#### [Your assignment]
A word-for-word retyping of the listing below is required, with the pictures dropped.
(Given information)
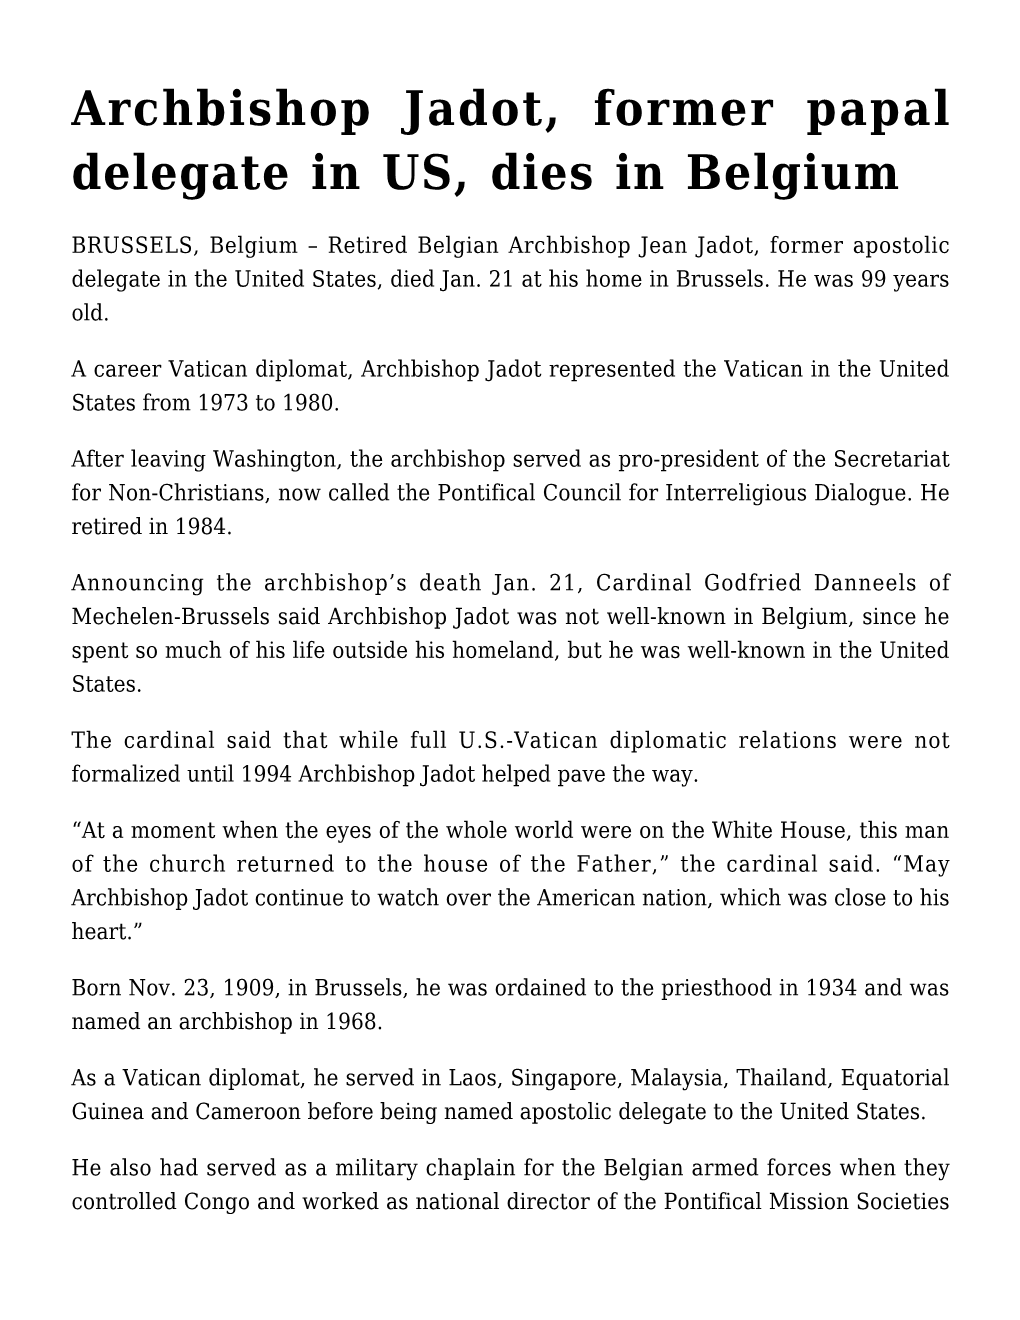 Archbishop Jadot, Former Papal Delegate in US, Dies in Belgium
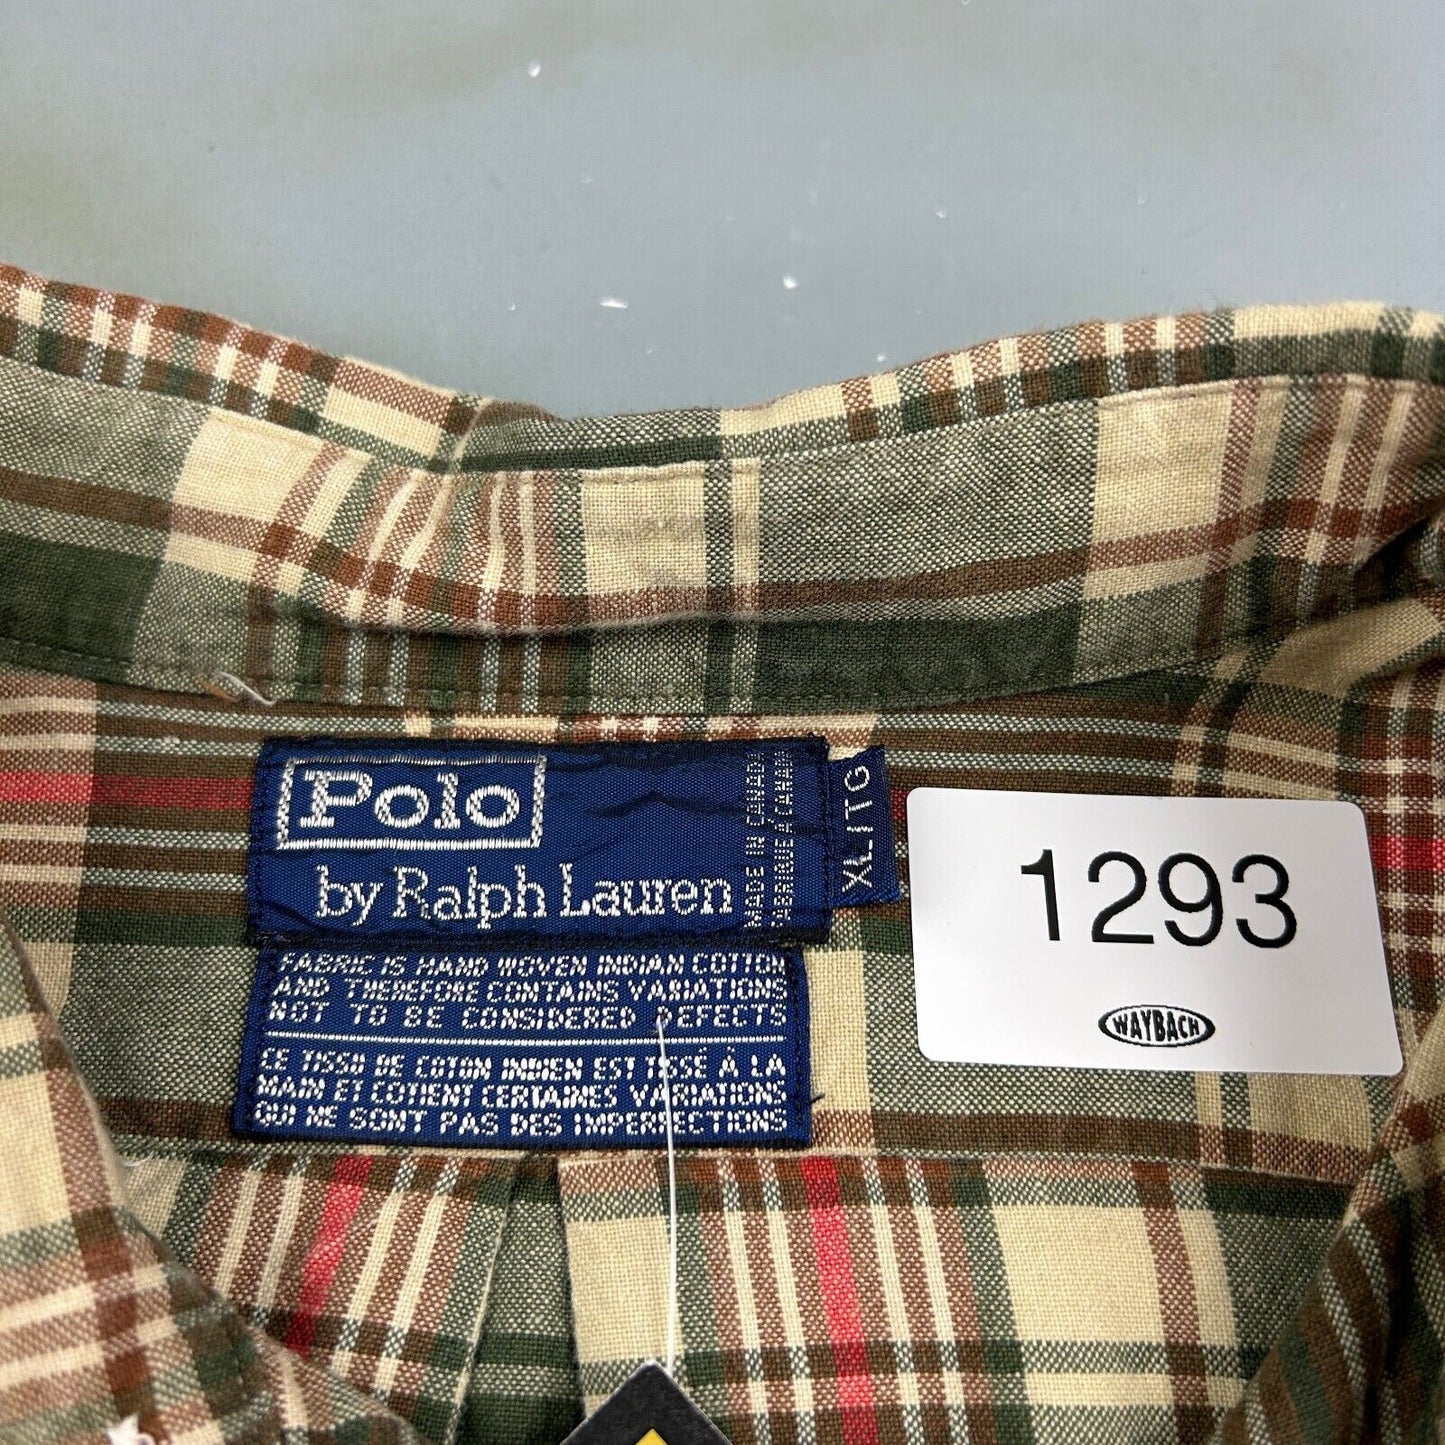 VINTAGE 90s Ralph Lauren Polo Plaid Flannel Button Up Shirt sz XL Adult
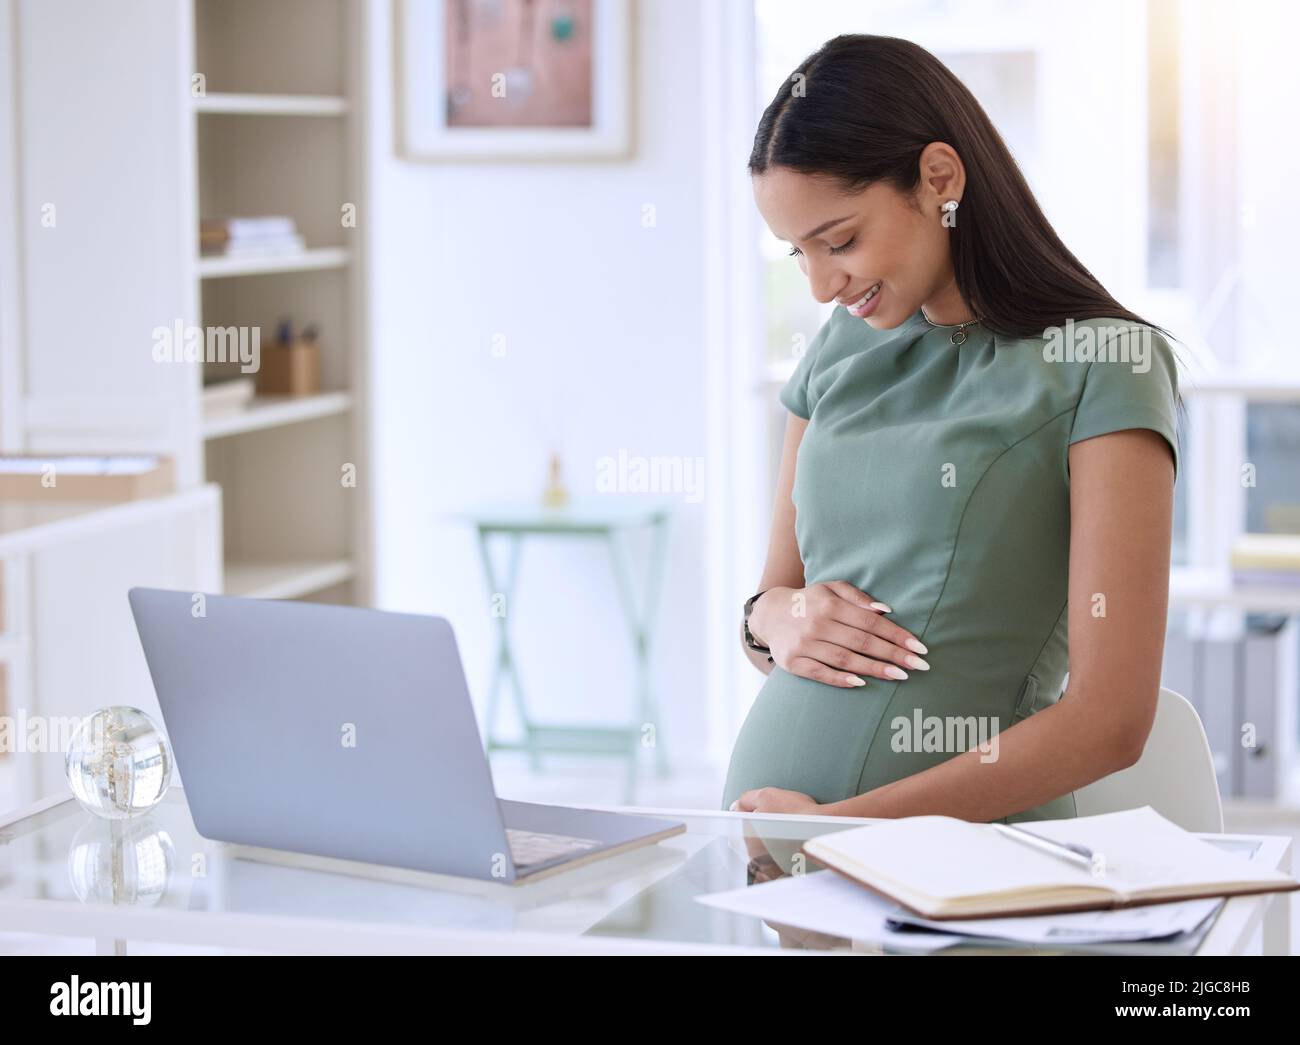 Je peux sentir que vous vous déplacez ici. Une jeune femme d'affaires enceinte assise seule dans le bureau et se frottant le ventre. Banque D'Images
(End Given information)
#### [Reply to the exercise]
 Archbishop Jadot, Former Papal Delegate in US, Dies in Belgium
 VINTAGE 90s Ralph Lauren Polo Plaid Flannel Button Up Shirt sz XL Adult
 Je peux sentir que vous vous déplacez ici. Une jeune femme d'affaires enceinte assise seule dans le bureau et se frottant le ventre. Banque D'Images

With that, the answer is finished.